▸ EXERCISE INSTRUCTIONS
Look below for the line that contains "Pareja joven flotando" and the line that contains "حقيقة الفيديو المتداول", then restate both of them and every line in between, exactly. No picture goes in the copy.

▸ THE DATA

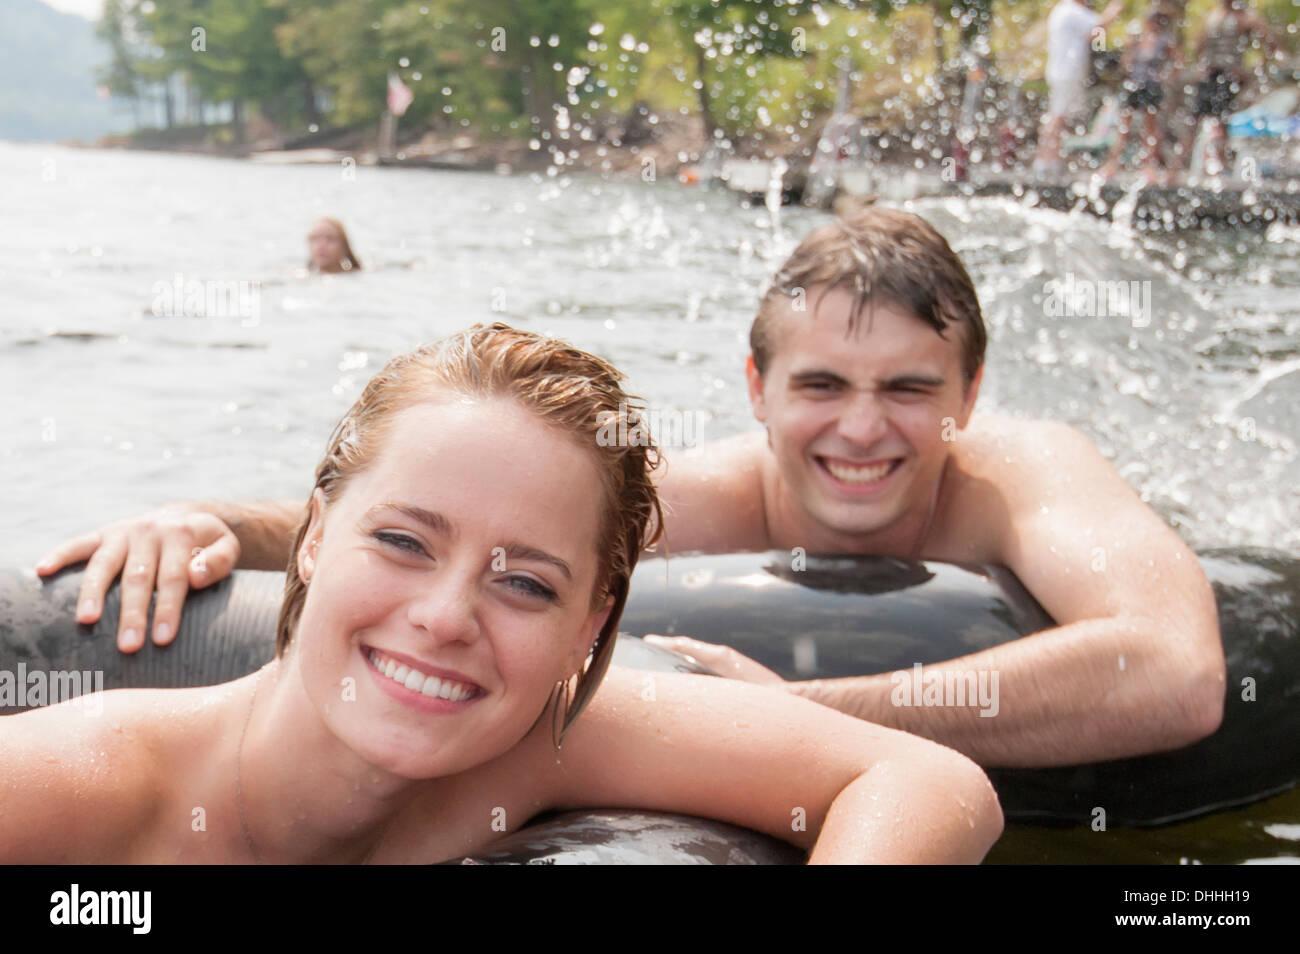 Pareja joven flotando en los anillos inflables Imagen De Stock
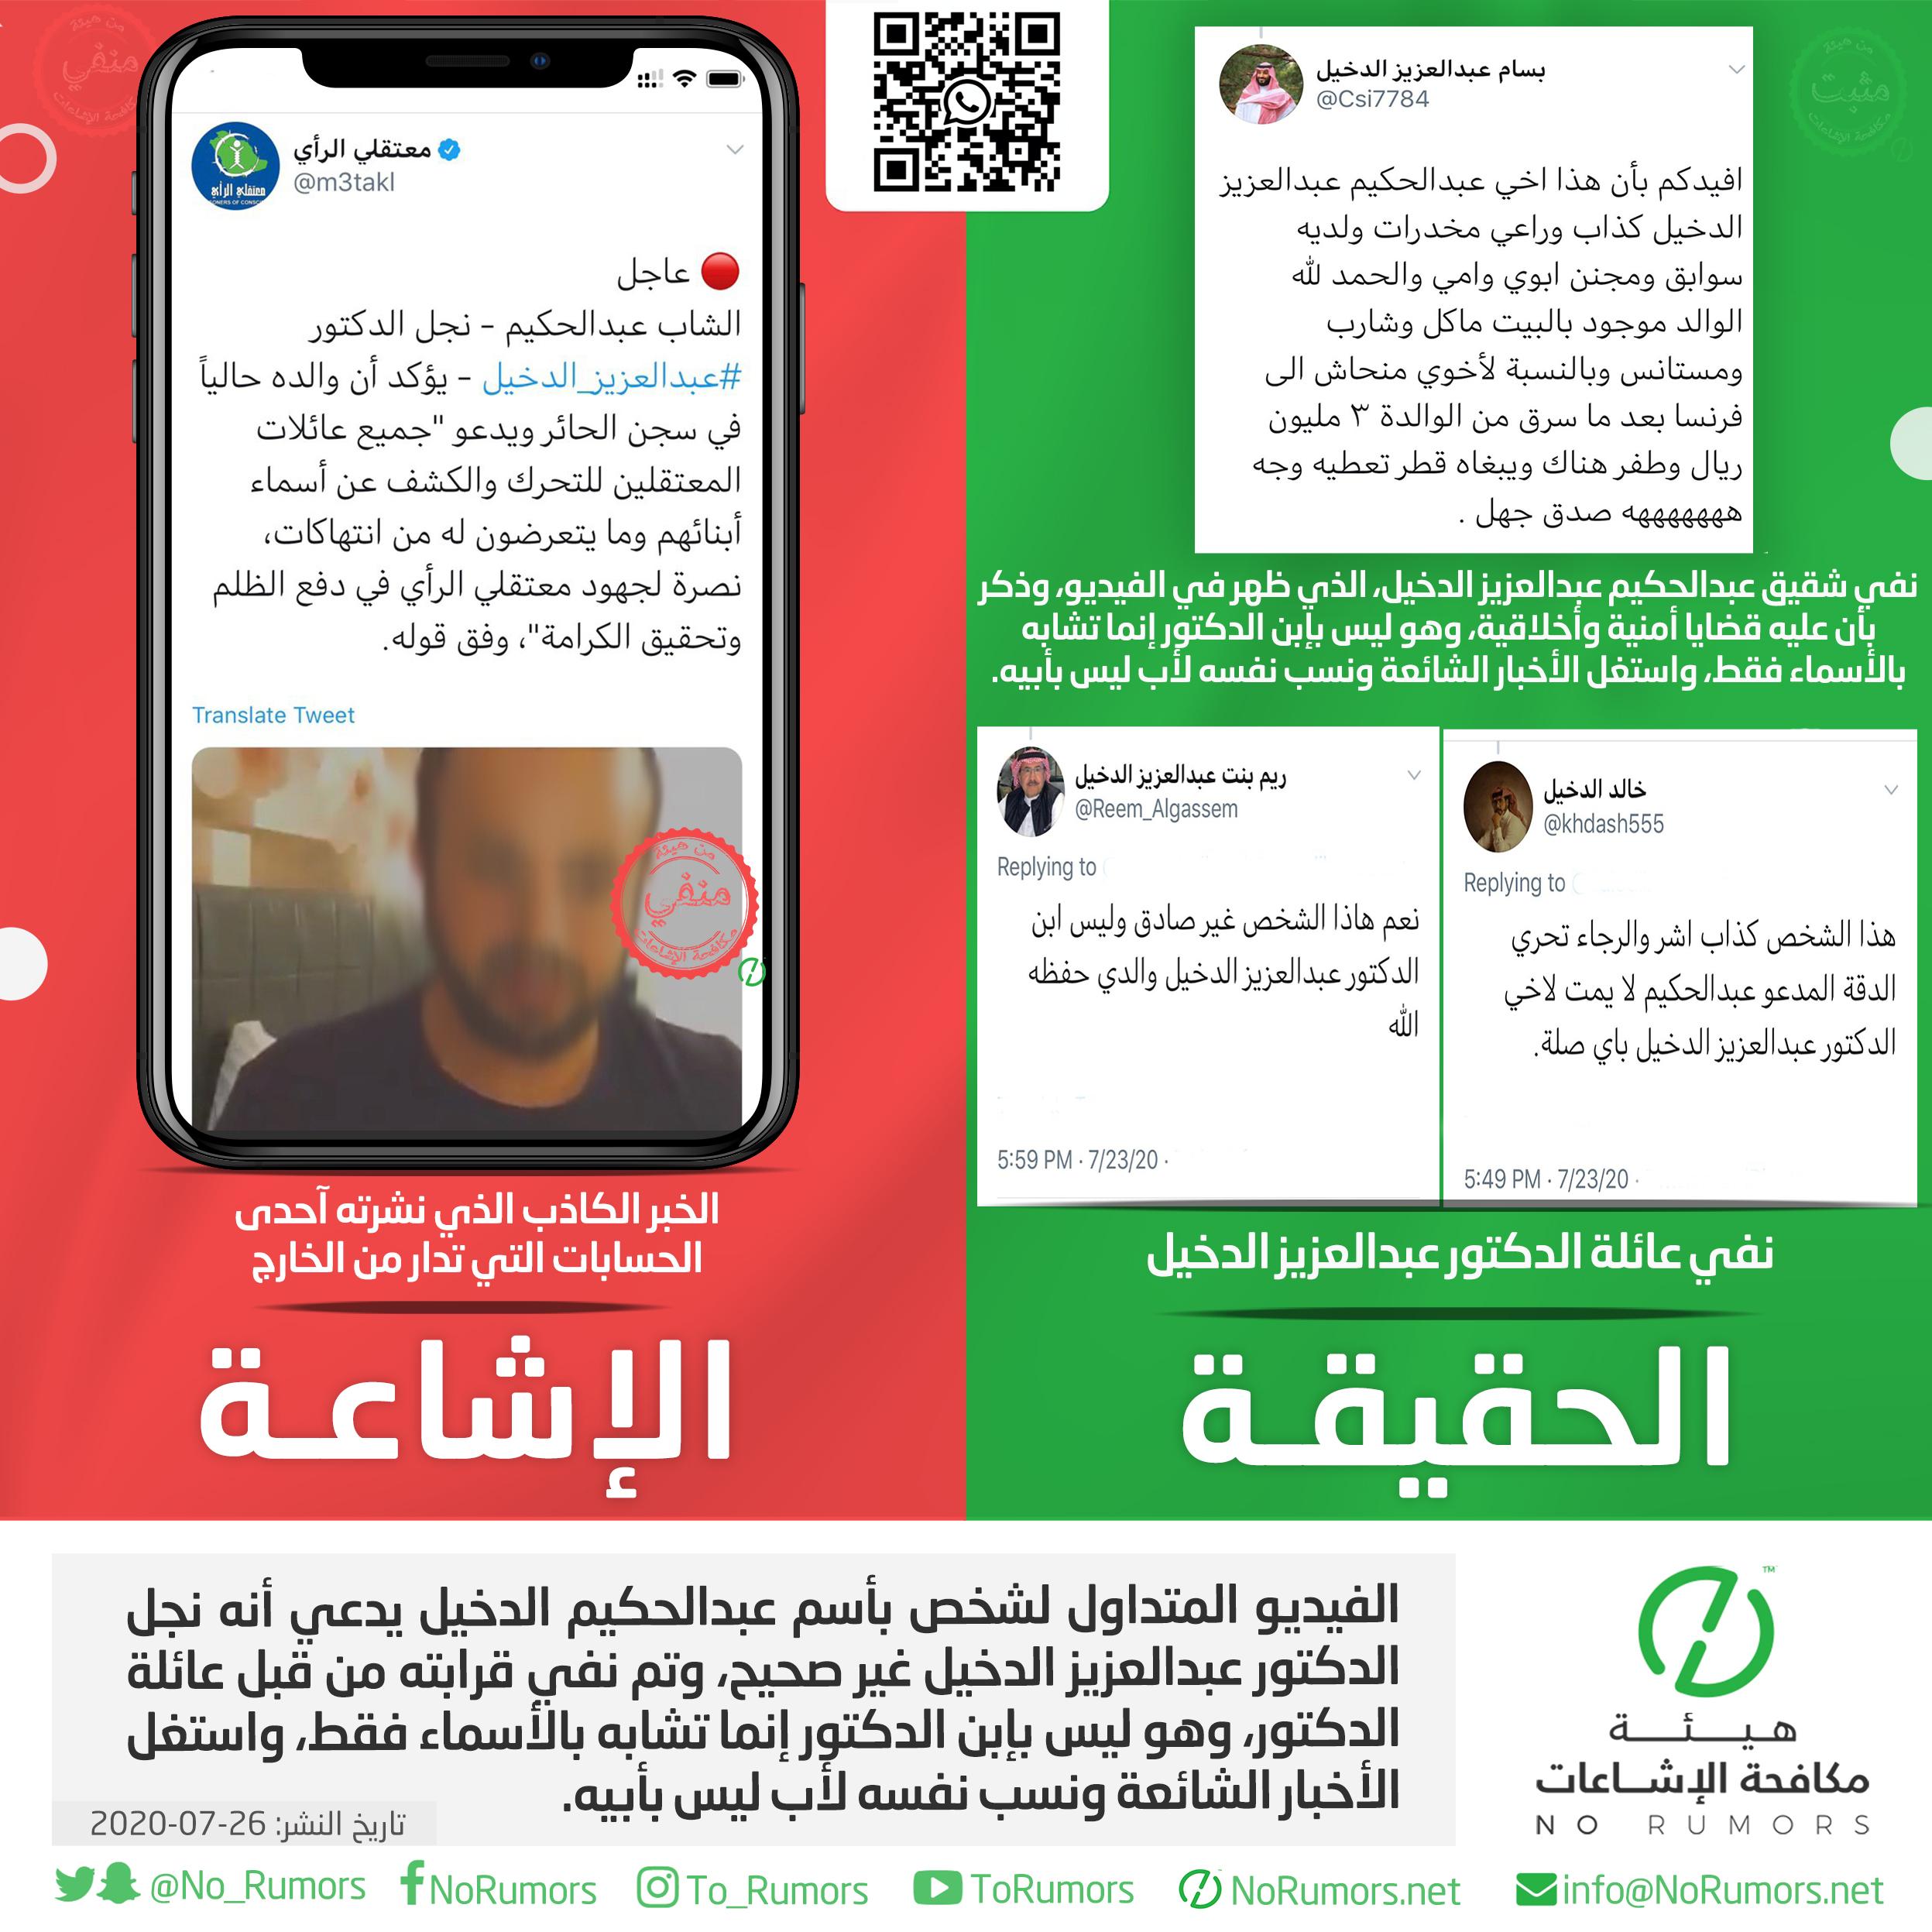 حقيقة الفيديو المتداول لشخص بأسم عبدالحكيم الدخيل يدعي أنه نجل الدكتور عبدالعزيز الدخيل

---

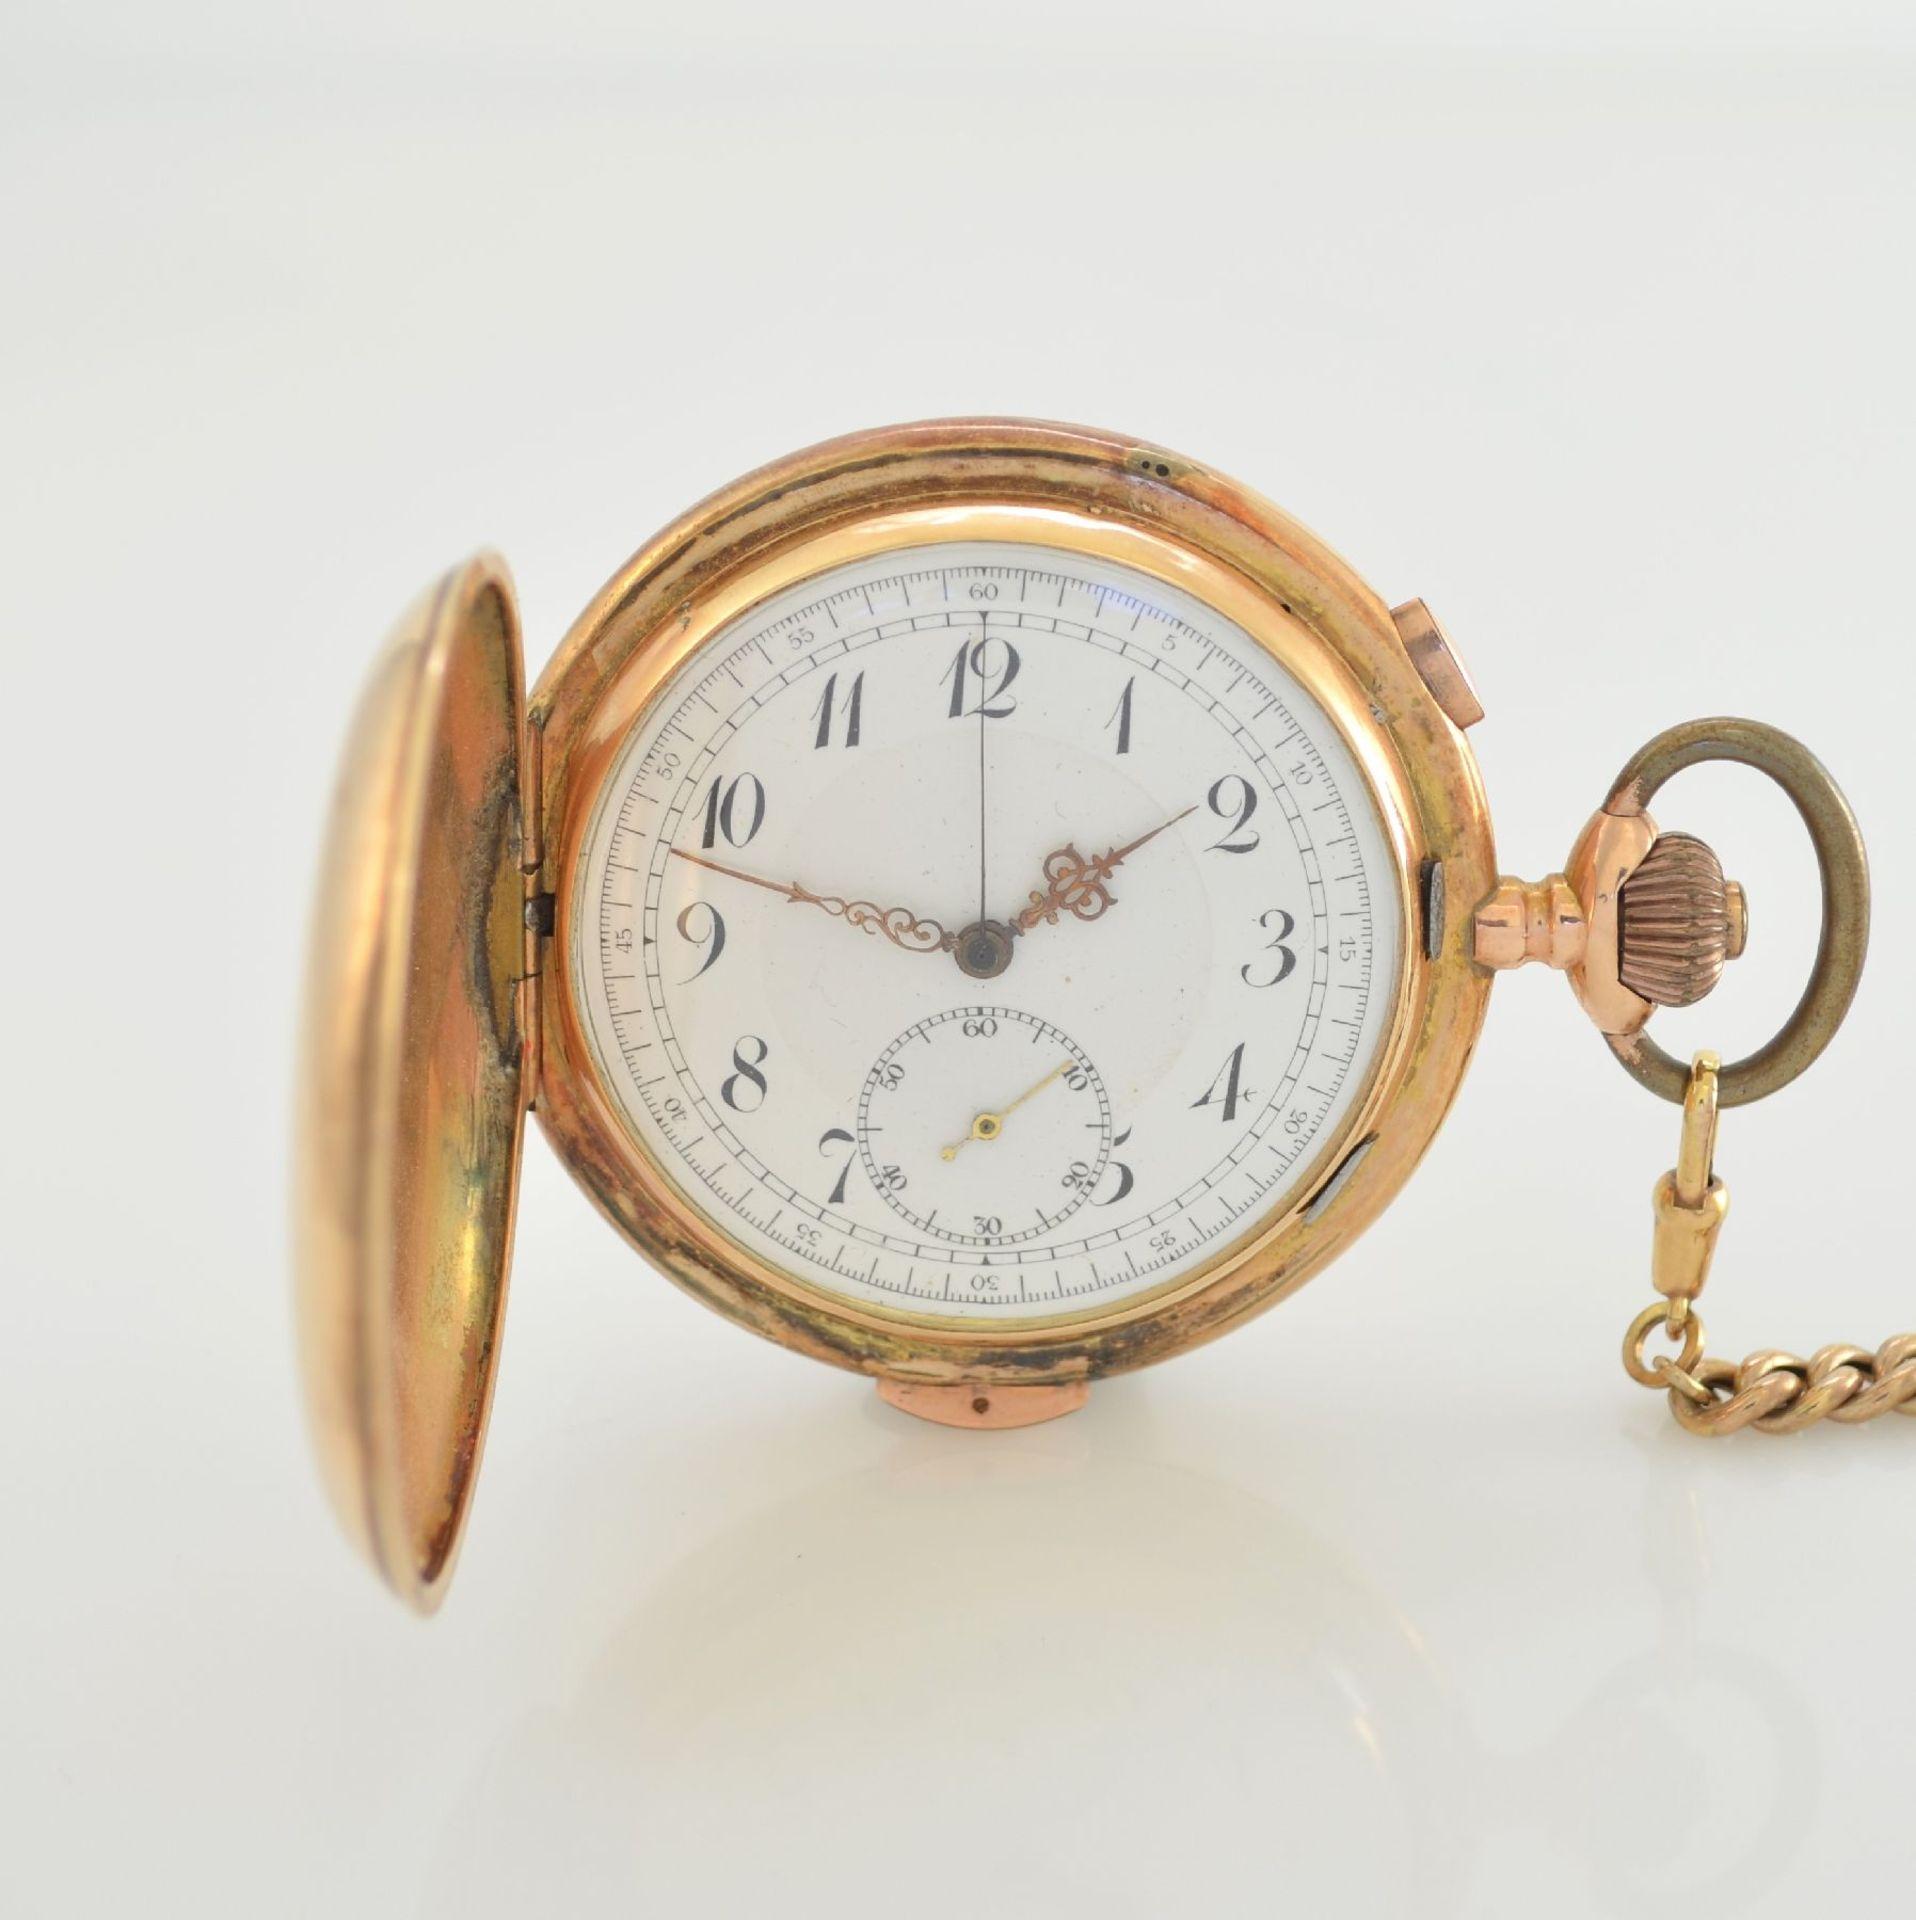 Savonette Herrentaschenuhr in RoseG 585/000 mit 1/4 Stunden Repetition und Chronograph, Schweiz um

▸ ANSWER BOX
 Pareja joven flotando en los anillos inflables Imagen De Stock
 حقيقة الفيديو المتداول لشخص بأسم عبدالحكيم الدخيل يدعي أنه نجل الدكتور عبدالعزيز الدخيل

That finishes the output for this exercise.